Что он мог с этим сделать? Что вообще можно сделать? Только обхватить ее руками, не пускать, не давать пошевелиться. Целовать лоб, глаза, щеки, нос, губы – губы, постоянно повторявшие вместо признаний в любви признания в ненависти. Забыть обо всем на свете, кроме этих сопротивляющихся губ и ладоней. Подчинять ее себе. Приручать. Заставлять. И клясться, что больше уже не станет. Потому что это почти изнасилование.

Его губы быстро касались ее шеи, доходили до ключиц, возвращались обратно, к задыхавшемуся ненавистью рту. Его пальцы пробирались под футболку, гладили спину, пытались перелить в нее любовь и бесконечную нежность.

А потом он отпустил ее. Отступил на шаг, глядя, как она покачнулась. И тихо сказал:

- Каждую минуту ты будешь знать, что я люблю тебя. При любом раскладе. Хоть прогонишь, хоть позволишь остаться.

Лика обрела равновесие и молча смотрела на него, больше не отводя взгляда. Единственное, чего хотела – чтобы он не уходил. Никогда не уходил. И не смела просить. Не смела навязать ему себя. Со всей своей му?кой, в которой он не был виноват. Со всеми своими ранами, боль которых привыкла терпеть.
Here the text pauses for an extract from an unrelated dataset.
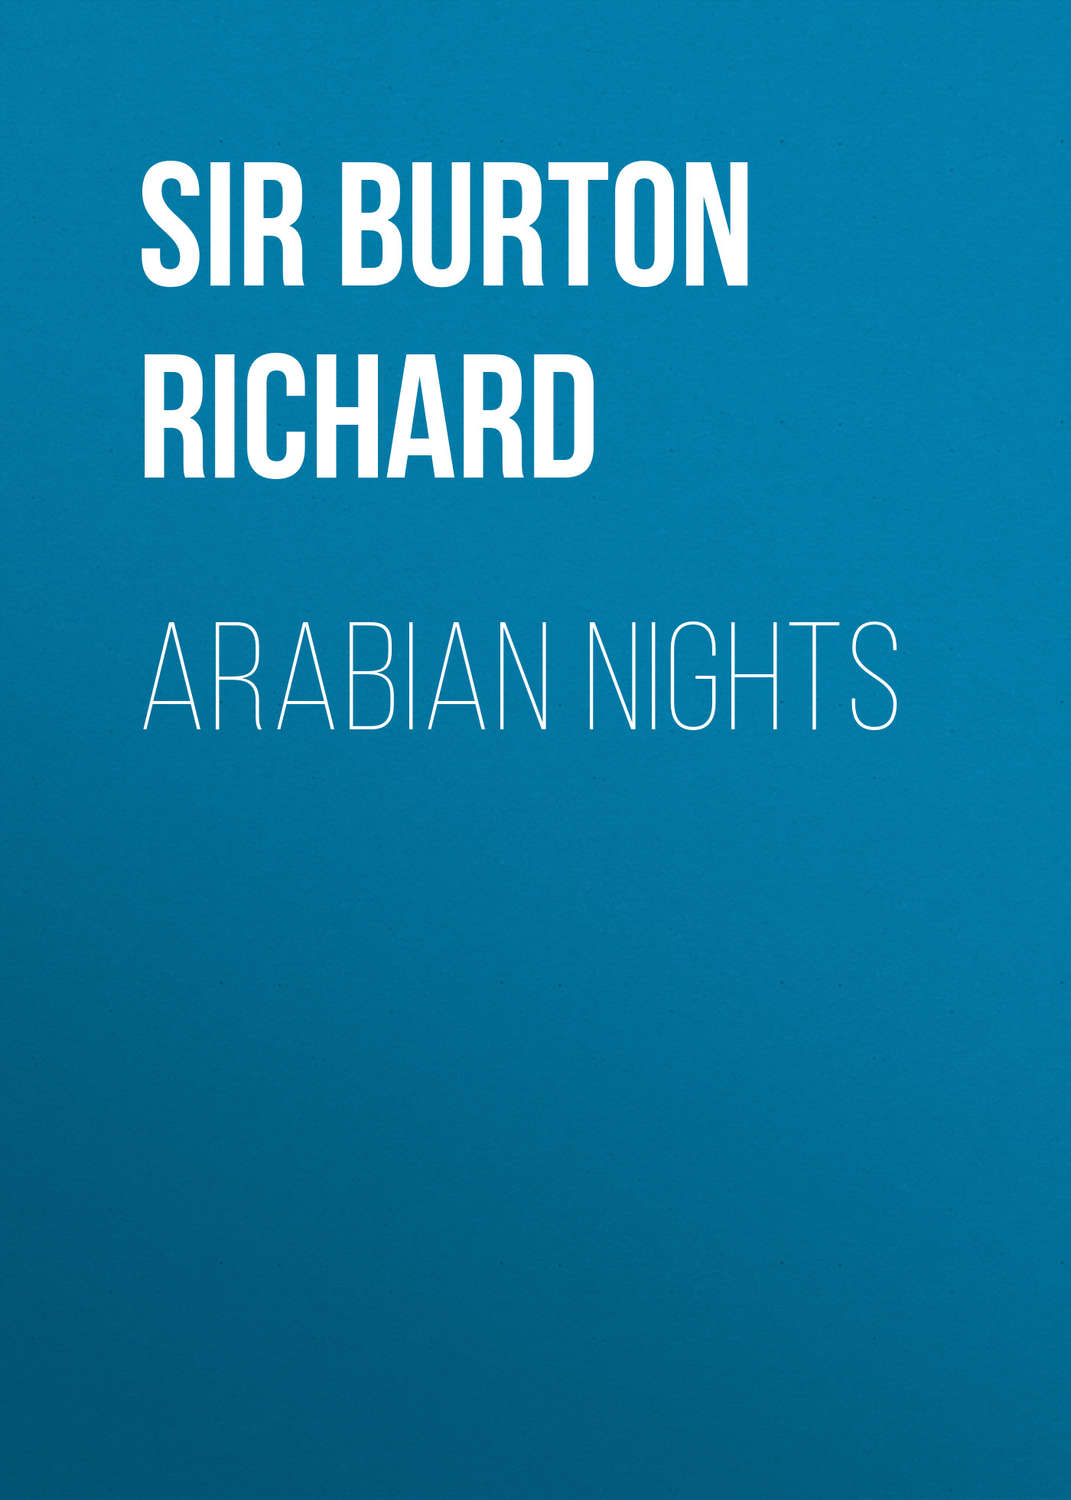 Sir Burton Richard Arabian Nights Download Epub Mobi Pdf At Litres

Ей оставалось только смотреть на него. Пока он не ушел.

Краевский втянул носом воздух, смешавшийся с ее запахом. Медленно, будто сквозь сон, качнулся в ее сторону. На лице его отразилось страдание. И тут же исчезло, словно бы он примерил маску, скрывавшую любые чувства. Словно бы чувств и не было. Словно высечен из холодного равнодушного камня. А потом развернулся и пошел прочь, ничего не видя перед собой. Хлопнул дверью. И остался один на площадке. Идти сил не было. Куда идти? Зачем идти? Жить движением, отдалявшим от нее?

В изнеможении сел на верхней ступеньке лестницы. Достал из кармана пачку сигарет. Но так и не закурил. Смотрел прямо, в черный провал подъездного окна. И умирал каждую секунду вместе с убегающим временем.

Он не знал, сколько прошло этих секунд, минут или часов, когда услышал негромкий скрип двери, и кожу шеи обжег лоб Лики, пылающий как в лихорадке.

Опустившись рядом с ним на колени, она обвила его плечи руками.

- Ночь на дворе, поздно… - бормотала она. – Холодно и поздно… Ночь уже…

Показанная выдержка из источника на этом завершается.